_Exercise prompt_.
In the listing below, find the line with "The Maximum Independent" and the line with "59Th Drive And", then return them and every line between them exactly, minus the pictures.

_Dataset excerpts_.
▬▬▬

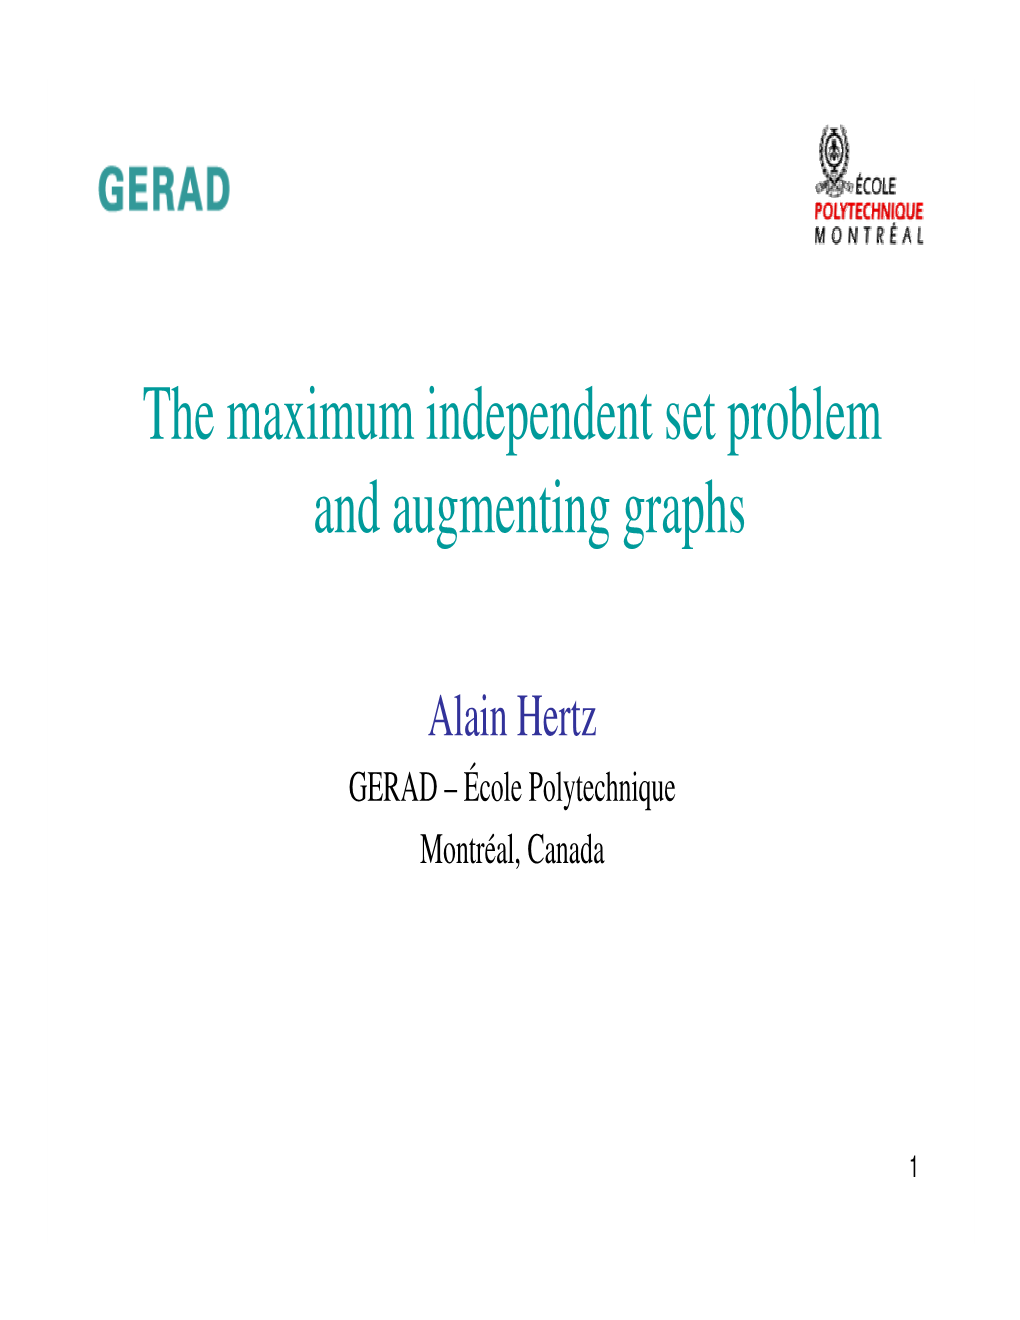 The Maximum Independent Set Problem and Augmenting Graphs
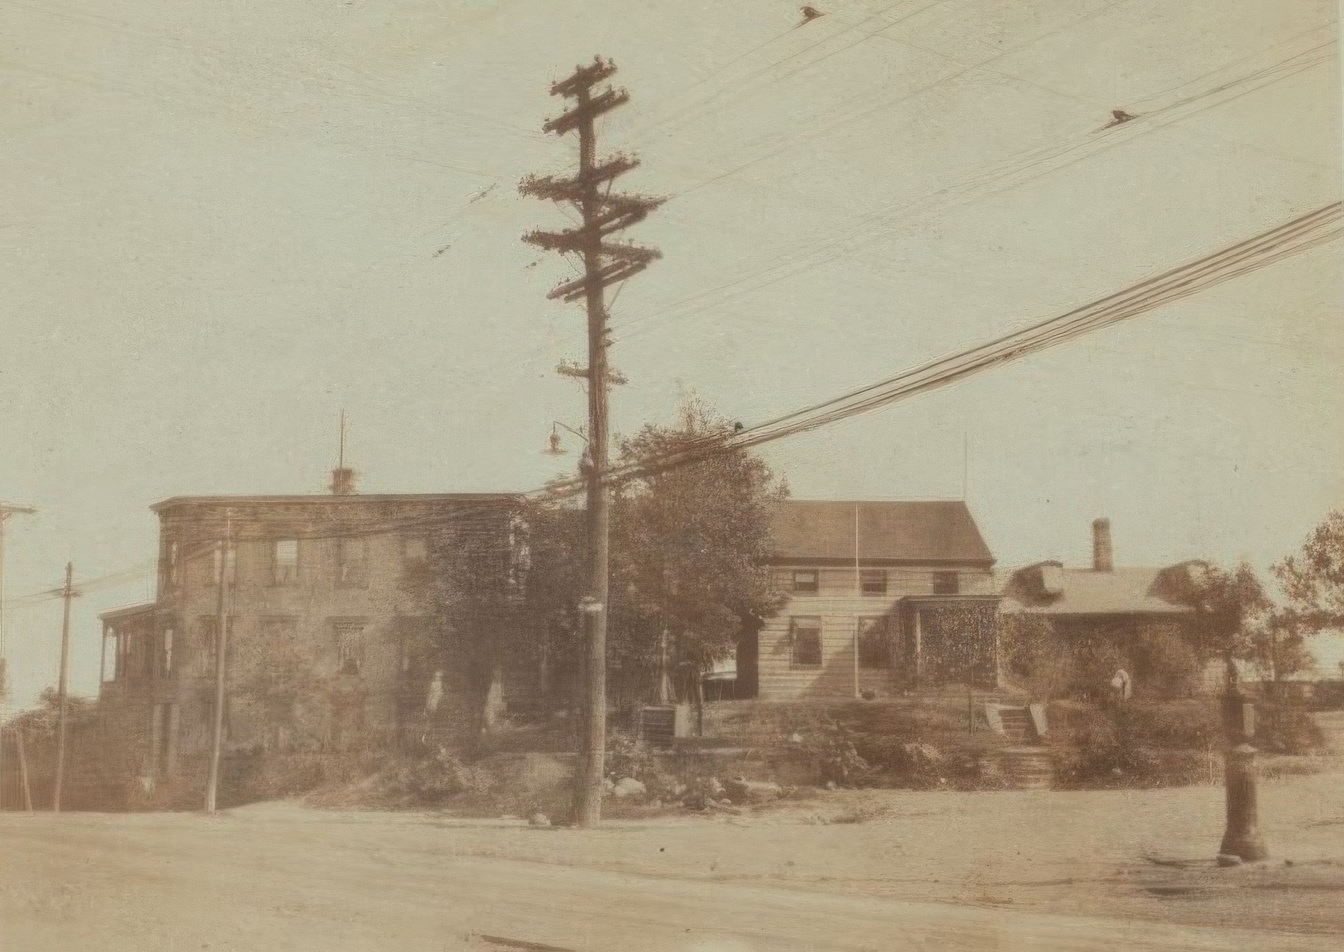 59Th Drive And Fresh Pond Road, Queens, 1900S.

▬▬▬

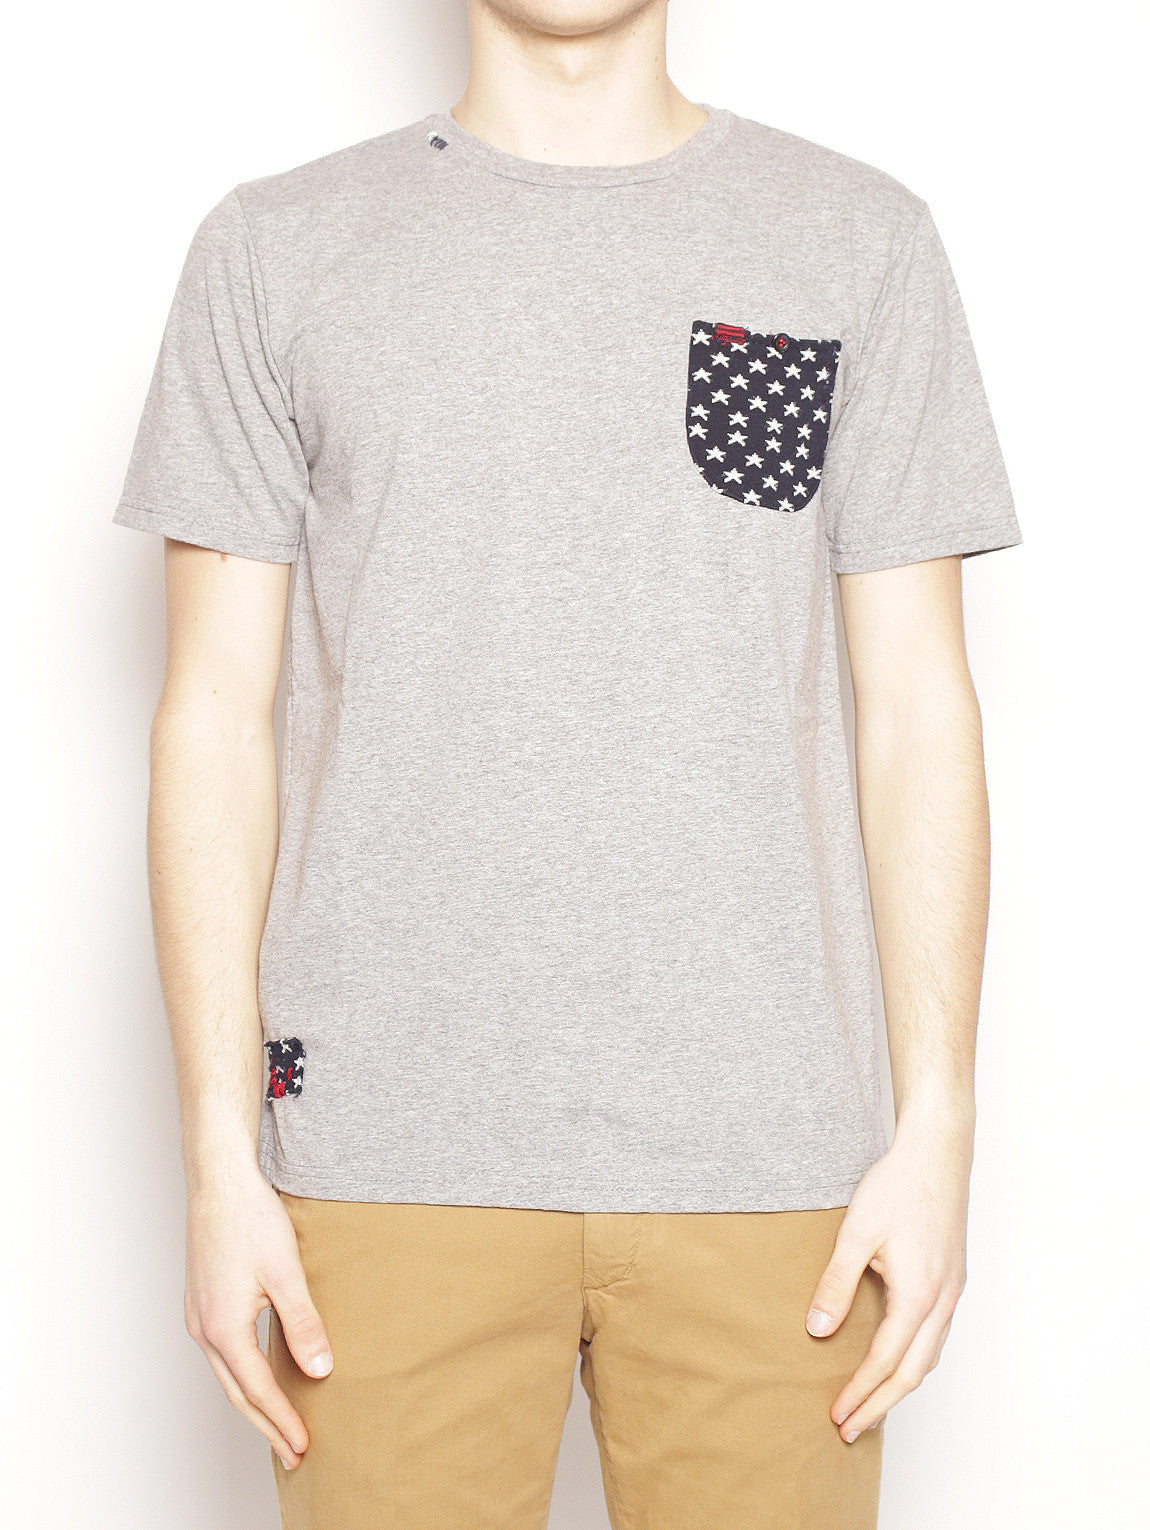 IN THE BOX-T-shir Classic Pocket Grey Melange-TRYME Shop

▬▬▬

_Answer space_.
 The Maximum Independent Set Problem and Augmenting Graphs
 59Th Drive And Fresh Pond Road, Queens, 1900S.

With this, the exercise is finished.